The integration of proton and X-ray radiotherapy with nanotechnology is unlocking new possibilities for improving dose distribution, enhancing tumor targeting, and modulating the TME for better therapeutic outcomes. Gold-based nanostructures, particularly anisotropic nanoparticles such as gold nanopeanuts, are demonstrating superior radiosensitization properties, amplifying radiation-induced DNA damage while limiting harm to healthy tissues. AI-driven modeling is further pushing the boundaries of nanomedicine, optimizing nanoparticle design and refining their interactions with GBM cells and the immune system to elicit stronger anti-tumor responses.
Ongoing clinical trials are validating the effectiveness of gold nanoparticles, lipid-based carriers, and theranostic platforms, offering promising prospects for overcoming glioblastoma treatment resistance. Despite these advancements, challenges persist in ensuring long-term biocompatibility, scalable production, and clinical standardization. Future research must refine nanocarrier safety, enhance multimodal imaging integration, and establish regulatory frameworks to accelerate clinical translation.

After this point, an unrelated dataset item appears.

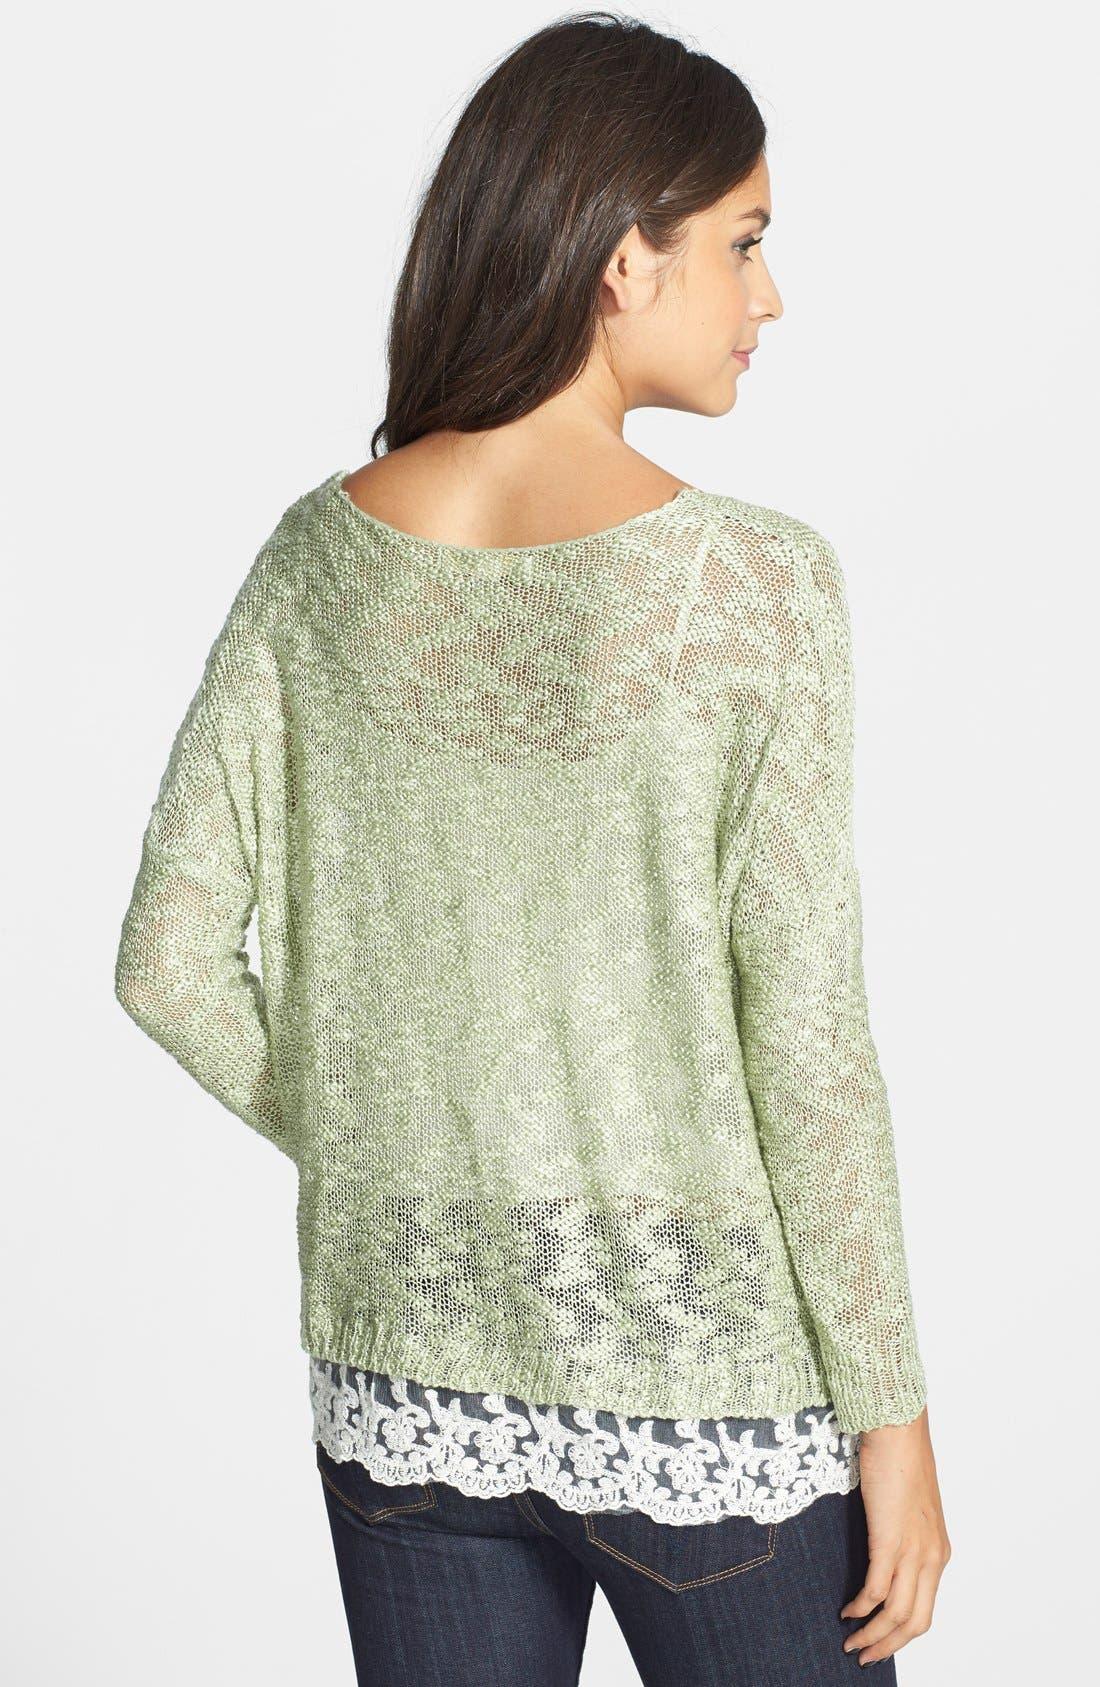 LOVE BY DESIGN,                             Crochet Hem Sweater,                             Alternate thumbnail 3, color,                             330

Despite these promising advances, significant challenges remain. The complexity of the GBM microenvironment and the variability in patient responses make clinical translation an ongoing hurdle. Researchers should explore nanocarrier formulations for improved safety and biodistribution while integrating multi-omics technologies and AI-driven analytics to create truly personalized therapies. As these innovations continue to evolve, nanomedicine and radiation therapy together offer renewed hope for improving patient survival and shifting the treatment paradigm for GBM.